# Will County Courthouse



## gnagel (Feb 25, 2017)

Will County Courthouse, Joliet, Illinois






Nikon D800, Nikon 14-24 2.8

Thanks for looking...
Glenn


----------



## jcdeboever (Feb 25, 2017)

Excellent. Very dynamic. Wonderful conversion.


----------



## gnagel (Feb 25, 2017)

jcdeboever said:


> Excellent. Very dynamic. Wonderful conversion.


Thank you jcdeboever...

Glenn


----------



## Gary A. (Feb 25, 2017)

I echo JC.


----------



## gnagel (Feb 25, 2017)

Gary A. said:


> I echo JC.


Thanks Gary...I was pleased that the man with the suit walked by while I was shooting. For some reason, it gave the image a science fiction feel for me.

Glenn


----------



## smoke665 (Feb 25, 2017)

"There is a fifth dimension beyond that which is known to man ... a dimension as vast as space and as timeless as infinity" -----You sure the guy in the suit isn't Rod Sterling???? Everything is leaning toward the building all the way around as if it's being sucked up.
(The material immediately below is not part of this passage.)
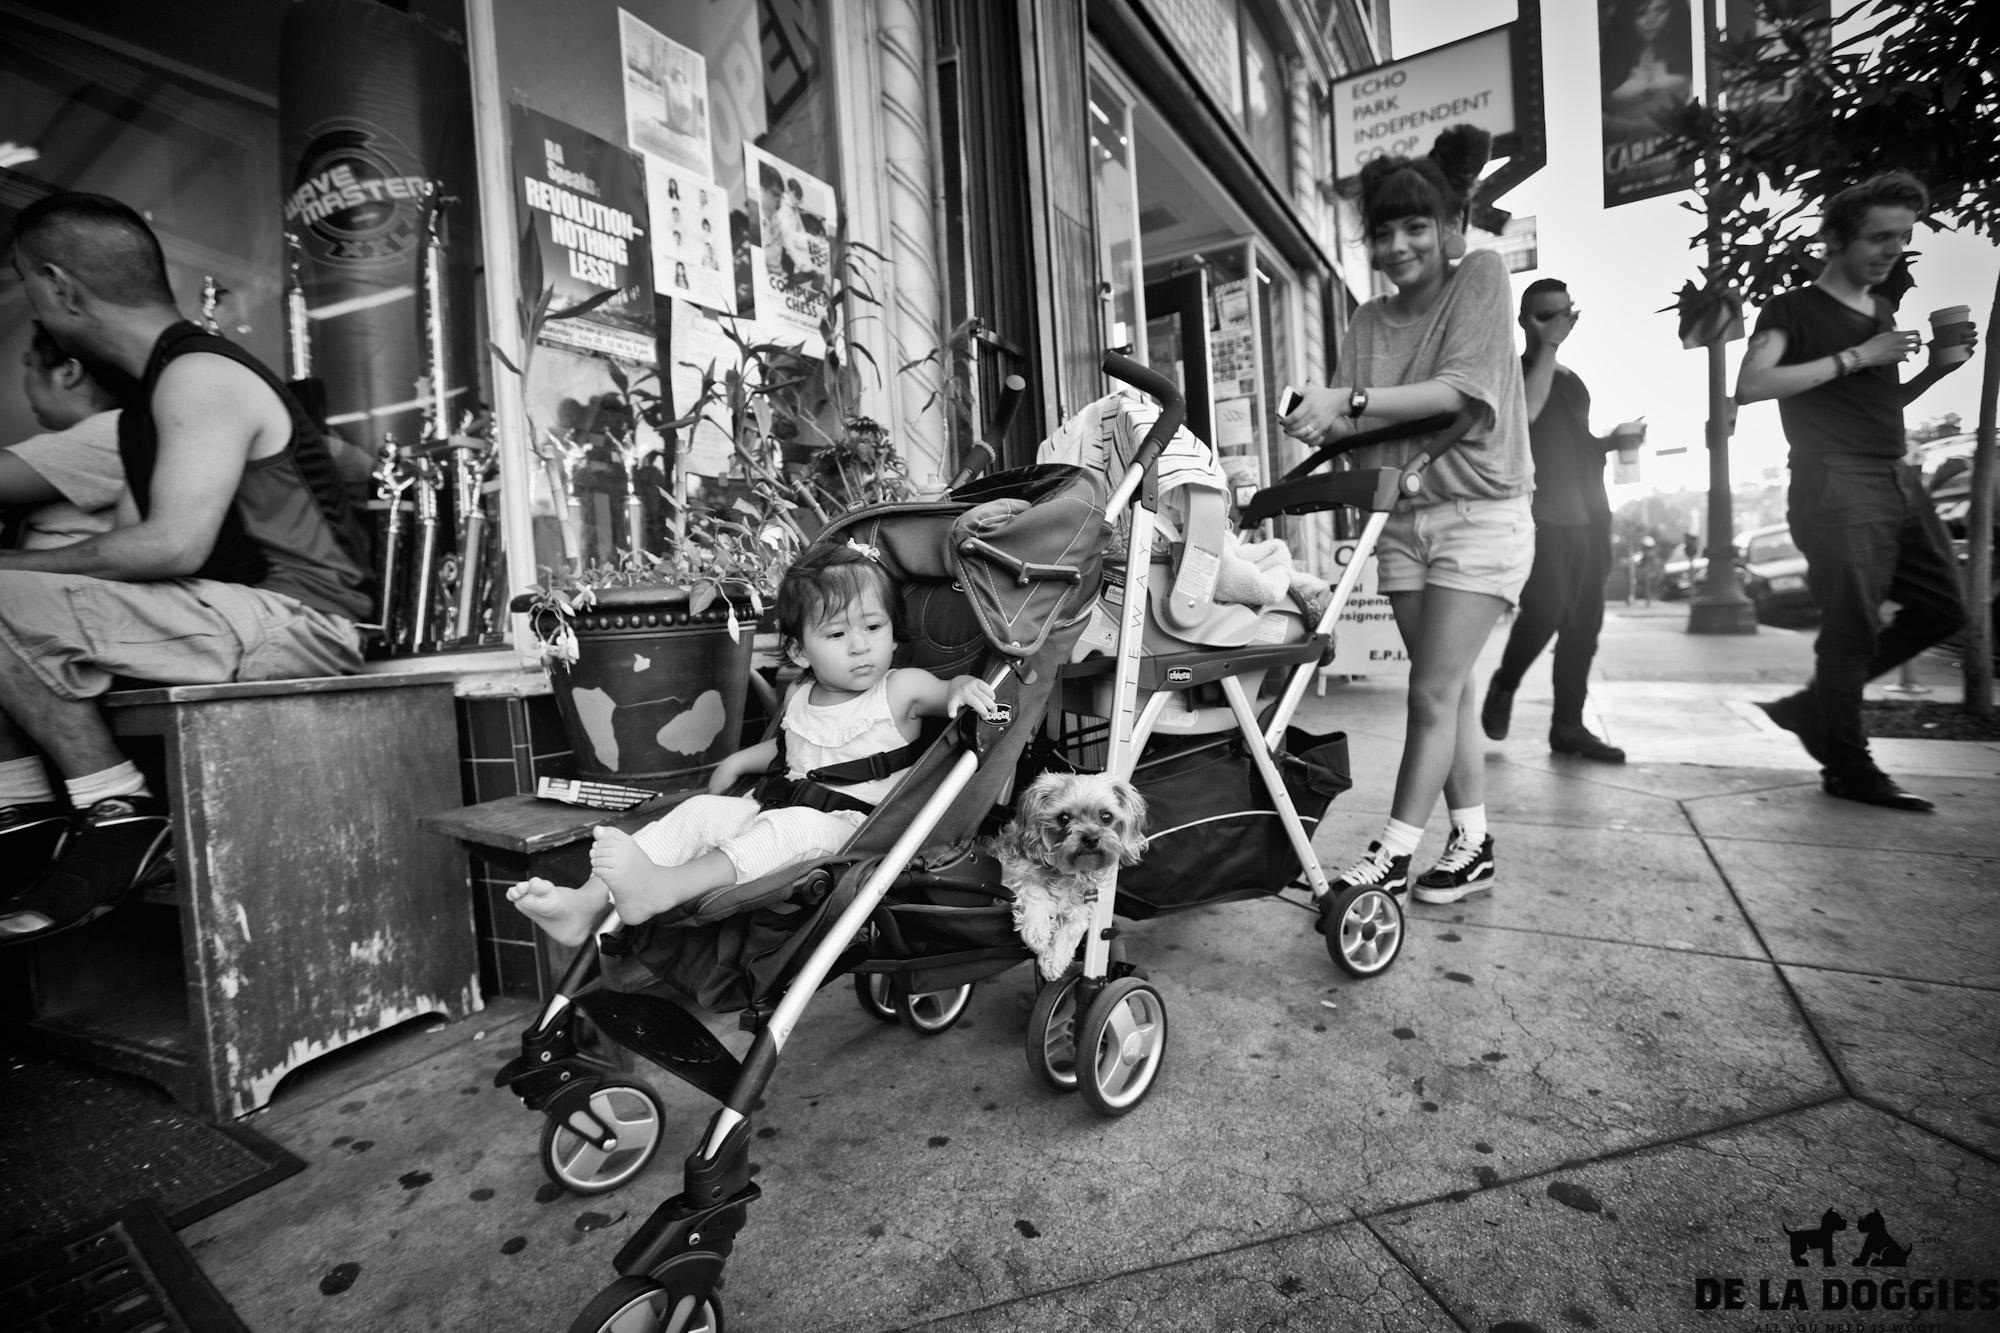 Familia - Sunset Blvd., Echo Park
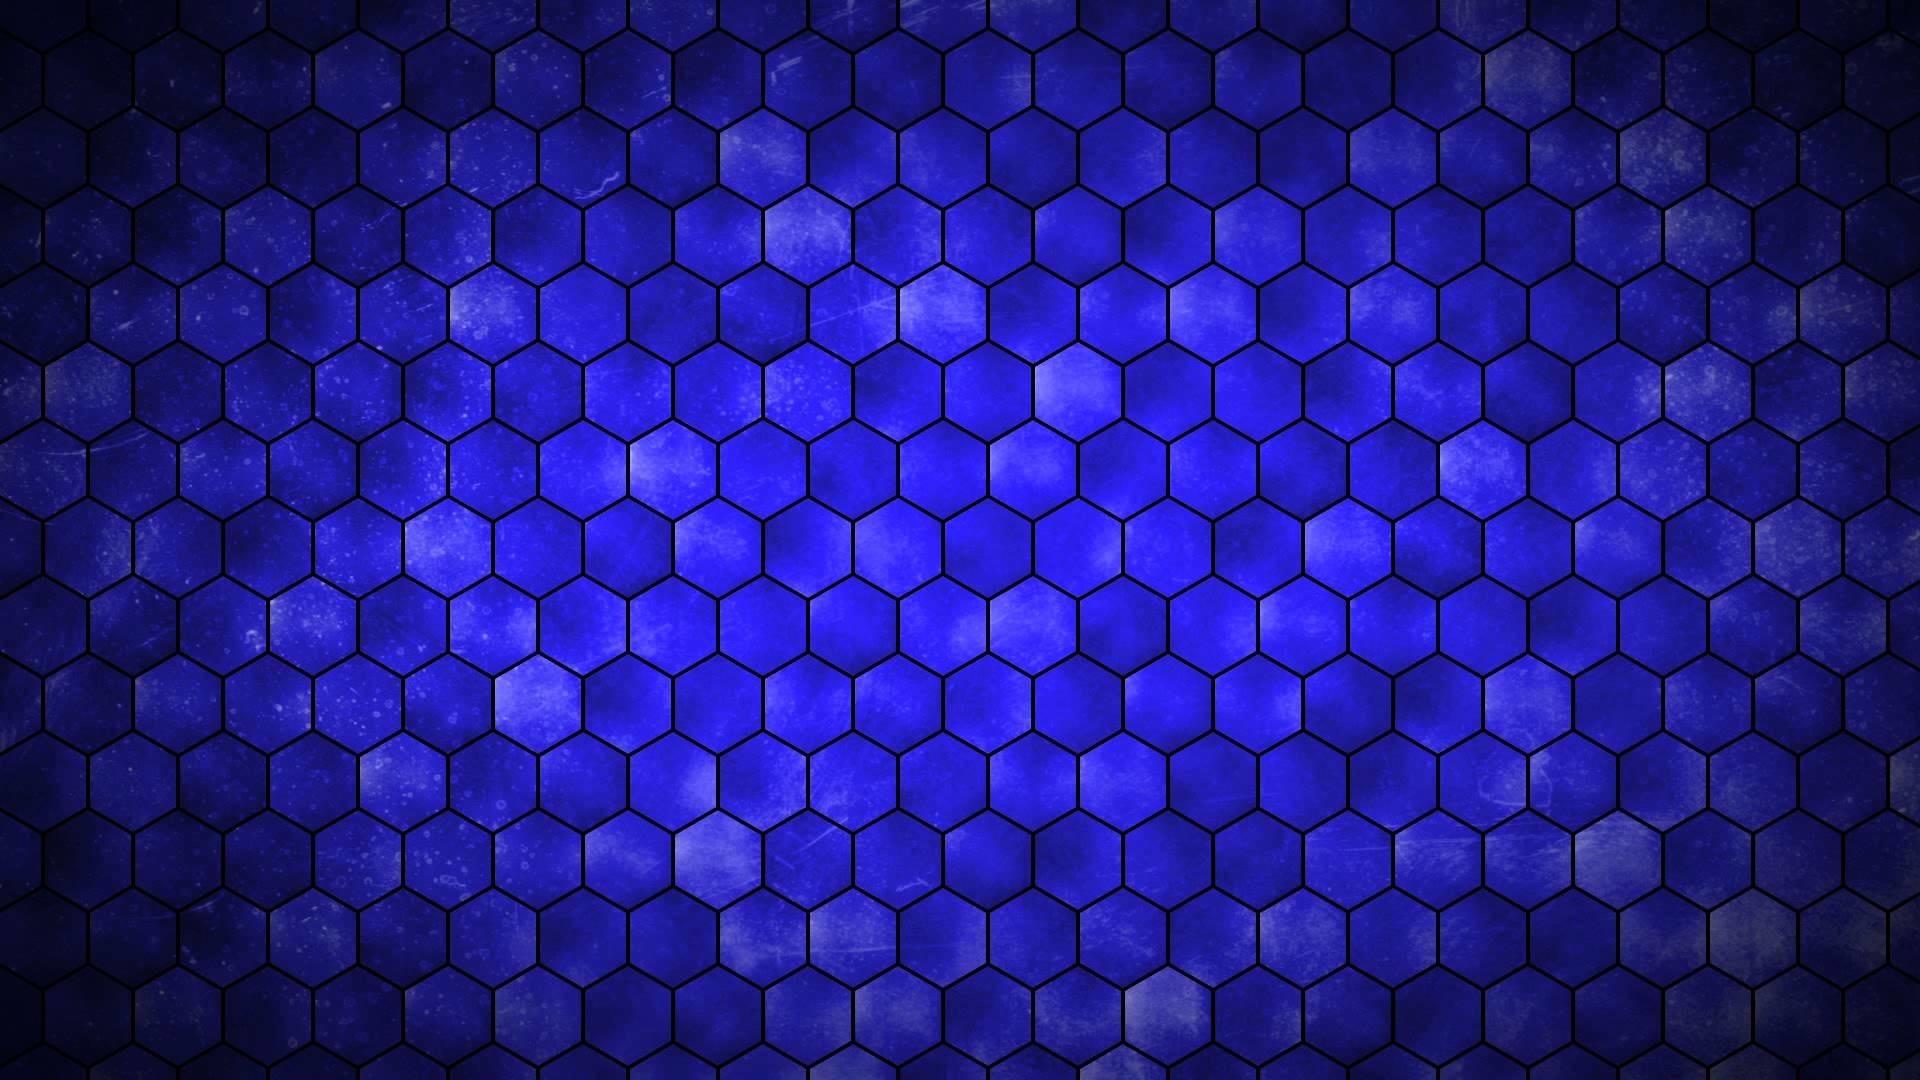 Res: 1920x1080, 1920x1200 Hex wallpapers   Hex stock photos Hexagon Wallpaper 24872 -  Baltana .

Even the trash can and the man. If this was intentional, you are the man, if it was accidental you're a lucky dog, in either case it is a COOL SHOT.


----------



## gnagel (Feb 25, 2017)

smoke665 said:


> "There is a fifth dimension beyond that which is known to man ... a dimension as vast as space and as timeless as infinity" -----You sure the guy in the suit isn't Rod Sterling???? Everything is leaning toward the building all the way around as if it's being sucked up. Even the trash can and the man. If this was intentional, you are the man, if it was accidental you're a lucky dog, in either case it is a COOL SHOT.


Thanks...let's just go with it was intentional then!

Glenn


----------



## Krell0 (Feb 27, 2017)

Love it

Sent from my SM-G925P using Tapatalk


----------



## gnagel (Feb 28, 2017)

Krell0 said:


> Love it
> 
> Sent from my SM-G925P using Tapatalk


Thanks Krello

Glenn


----------



## Boboamic (Mar 1, 2017)

Nice b&w shot, but what was your vision for the image?


----------



## gnagel (Mar 1, 2017)

Boboamic said:


> Nice b&w shot, but what was your vision for the image?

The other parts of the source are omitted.